OK, it wasn't clear because I was in a hurry and I messed up the quotes and had a typo saying "long" for "lost."

Guns are in the Bill of Rights, guns and every other type of marriage isn't. Guns are explicitly a right of the people. What I am saying is that in guns, that is not a State versus Federal power, it is a people's power. The Supreme Court said NEITHER Feds nor State can prevent the PEOPLE from having guns.

On marriage, it's a question of who defines it, the Federal or the State level. So that's government versus government. The Constitution is clear, if marriage is in the Constitution, the Feds get to define it. If it's not, the States do. It's not, the States do.

Wrong. The People's representatives in the city of Chicago banned handguns. Whatever they might think or care about the 2nd Amendment did not prevent them from banning handguns.

That was their law, that was their fait accompli.

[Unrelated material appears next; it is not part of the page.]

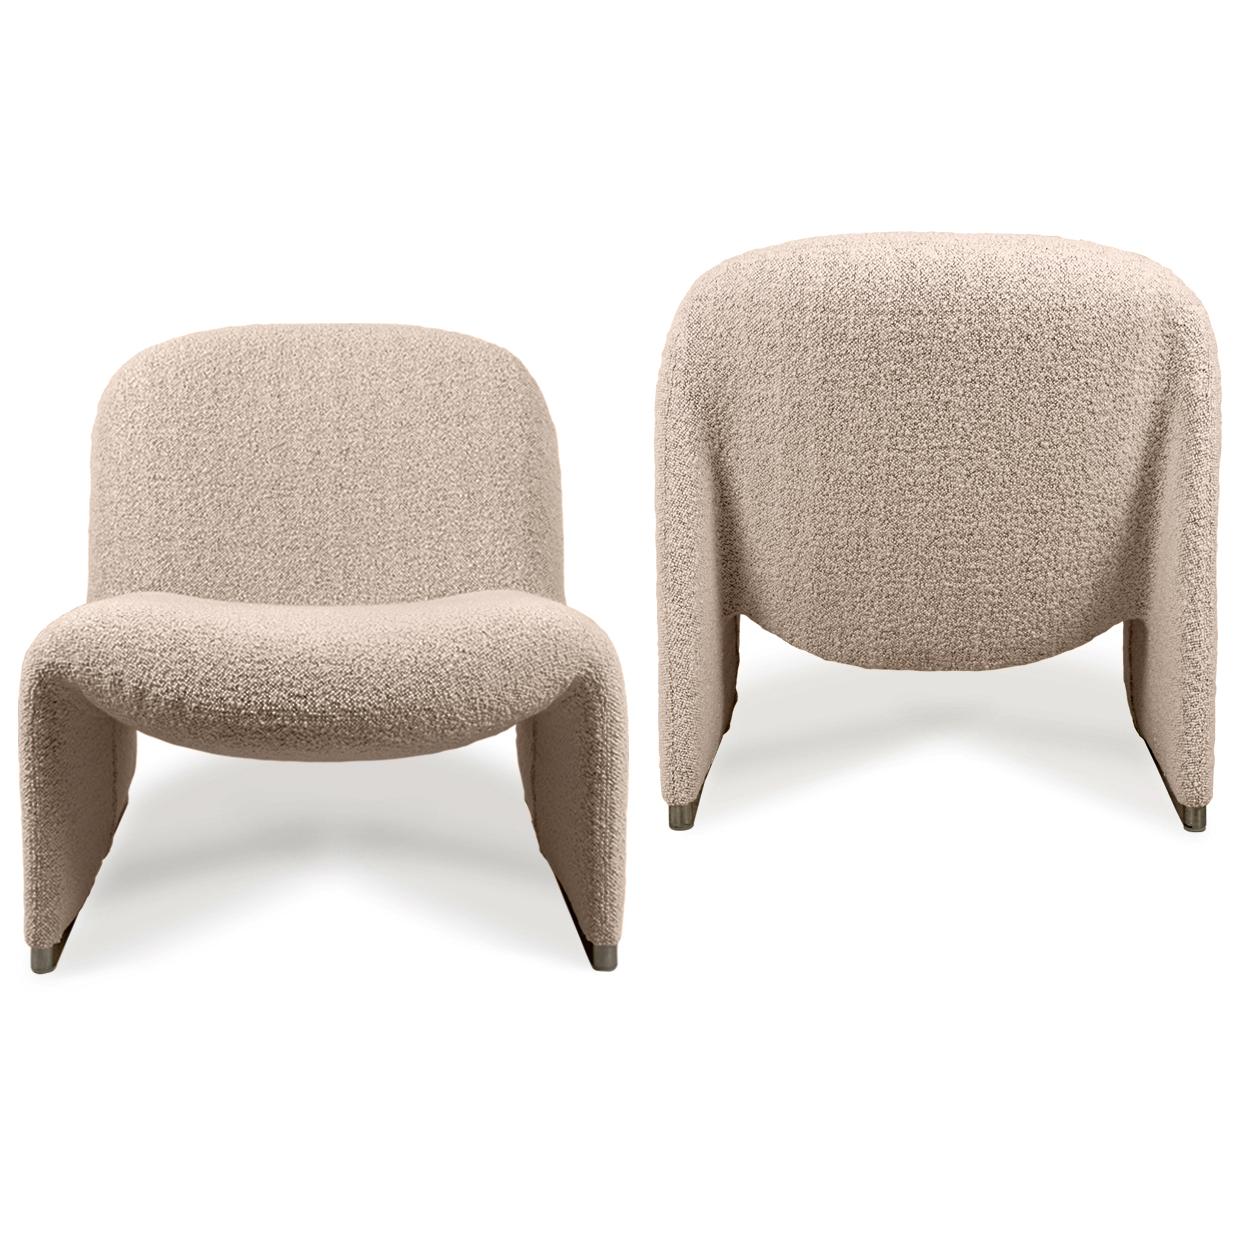 Mid-Century Modern One 'Alky' Chair by G. Piretti for Castelli New Upholstery Boucle by Dedar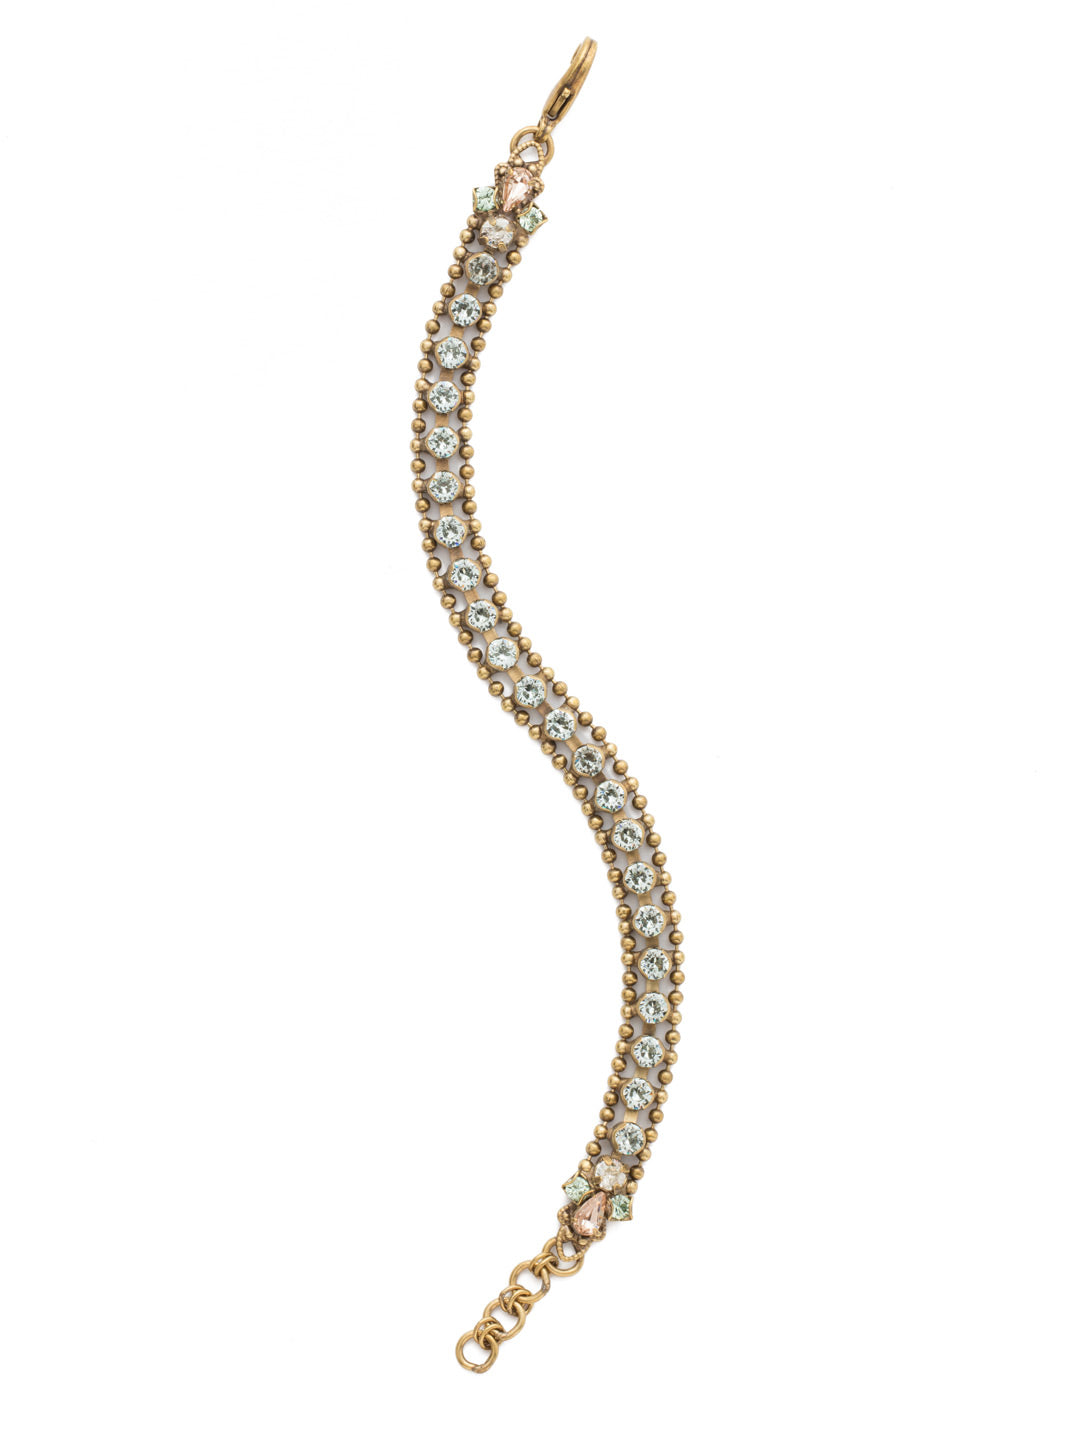 Nerine Bracelet - BDS34AGWW - <p>A single strand of crystals set between two rows of ball chain will add a touch of modern glamour to any look. From Sorrelli's Washed Waterfront collection in our Antique Gold-tone finish.</p>

Now either you respect the will of those People, in their government, or you don't.

If you don't, you bring in the 9 federal dictators you referred to to overturn the law. You trump the will of that group of People with the will of a bigger group of People,

i.e., those People whose representatives delegated the power of judicial review to the SCOTUS.

Except the right to keep and bear arms in part of the Constitution and a right of all citizens. Even those in Chicago.
Chicago's law went against the Constitution, the supreme law of the land. Thats why it was struck down.

But according to kaz, it was struck down by the 'dictatorship' of the Supreme Court which kaz does not believe has, or should have, any such 'dictatorial' authority to do so.

According to kaz, it's more democratic if the power is retained locally. According to kaz, 'supreme law of the land' at the federal level,

is tyranny, aka, a dictatorship.
 
This doesn’t make any sense.

The Supreme Court determines what is Constitutional or not, authorized by the doctrine of judicial review in the context of the rule of law.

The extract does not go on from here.